America's three and a half million dropouts ages 16 to 25 are truly have-nots: They do not have a high school diploma, and as a result they have little hope for a decent future. They are far more likely than their peers to be unemployed, live in poverty, experience chronic poor health, depend upon social services, and go to jail. Half of all prison inmates are high school dropouts. In fact, on any given day, more young male dropouts are in prison than at a job.
The dropout crisis is not just an education issue -- but our education system is the arena where the battle against the dropout epidemic will be won or lost.
The truth is, my colleagues and I got into education because the kids needed it, not because we had any calling to be teachers or school administrators. As "streetworkers" in New York City in the 1960s, we worked with young people who had dropped out of school and were now homeless, on drugs, without a future. We quickly discovered that programs don't change kids -- relationships do. By forging strong personal relationships with youth, and showing them we valued them and cared about them, we were able to help turn around many young lives.
But getting a kid off the streets was only the beginning. What were they supposed to do next, with an 8th grade education at 18 years old? Like it or not, we were going to have to get involved in the "education" business.

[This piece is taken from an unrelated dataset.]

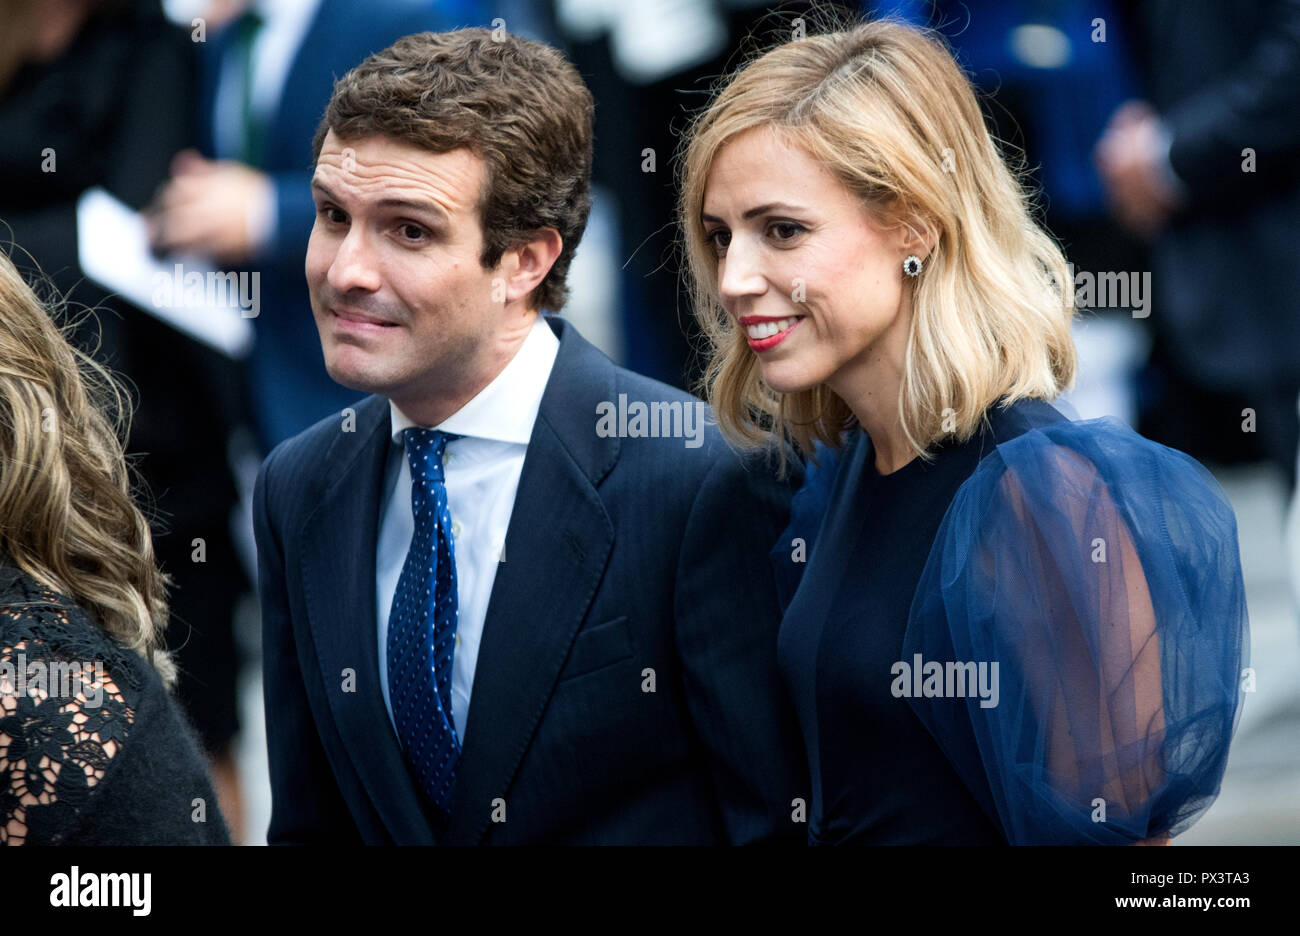 Oviedo, Spain. 19th October, 2018. Spanish politic and leader of the People's Party (PP), Pablo Casado, and his wife arrive to the ceremony of Princess of Asturias Awards at Campoamor Theatre on October 19, 2018 in Oviedo, Spain. ©David Gato/Alamy Live News Stock Photo

So, beginning in 1965, we started a series of storefront schools in Harlem and the Lower East Side that we called Street Academies. The Street Academies helped thousands of dropouts earn their diplomas or GEDs, and received funding from 16 major corporations. Yet we saw two things with increasing clarity: One was that dropouts had already been scarred by the failures of the system; their road back was tough. The other was that, for all our accomplishments, more and more kids kept quitting school. Our storefront schools couldn't begin to handle the flood of young people who needed a second chance.
So the answer was obvious, though incredibly difficult to implement: We had to find a way to move our operation inside the public schools, and reach potential dropouts before they quit.

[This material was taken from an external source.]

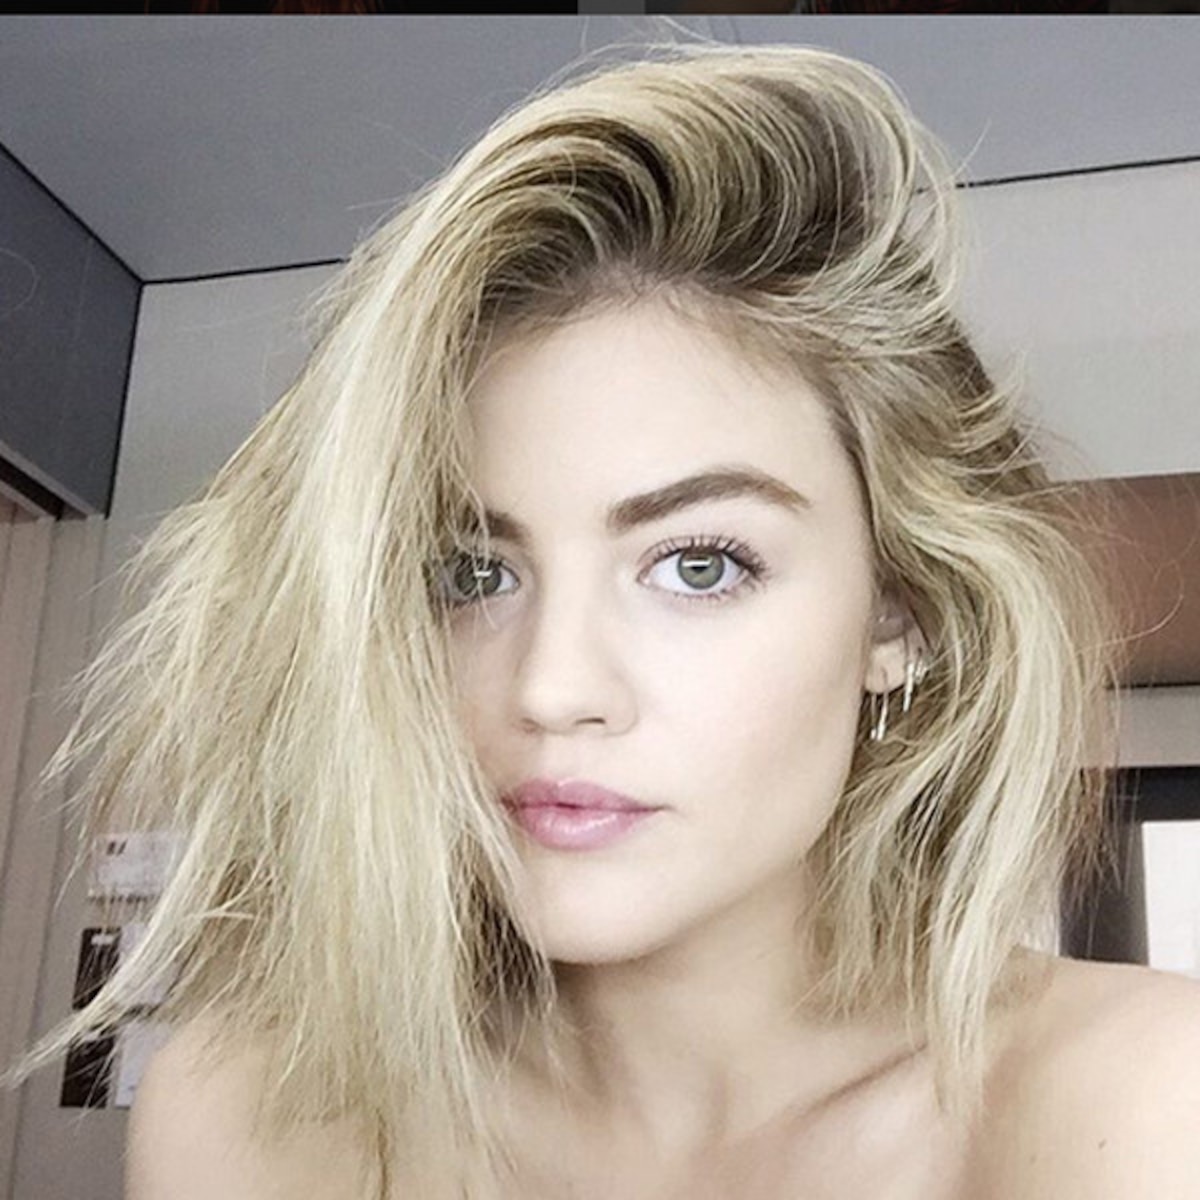 lucy hale toppless photos

Our Street Academy movement had taken root in several other cities besides New York, and we decided to focus on Atlanta as the home for this new concept. We worked out a model that the superintendent could support, and began bringing needed human and social services into an Atlanta elementary school and high school.
Our work was based on a simple insight: Every child needs and deserves the same bedrock support that your children need. Before kids can focus on academic success, they have to have what we called the Five Basics:
* A personal, one-on-one relationship with a caring adult
* A safe place to learn and grow
* A healthy start and a healthy future
* A marketable skill to use upon graduation
* A chance to give back to peers and community
Educators, no matter how dedicated, already have too much to do -- they can't be social workers, big brothers and sisters, career counselors and hall monitors, all at the same time. It's up to the community to provide the safety net of nonacademic services that will give students these Five Basics.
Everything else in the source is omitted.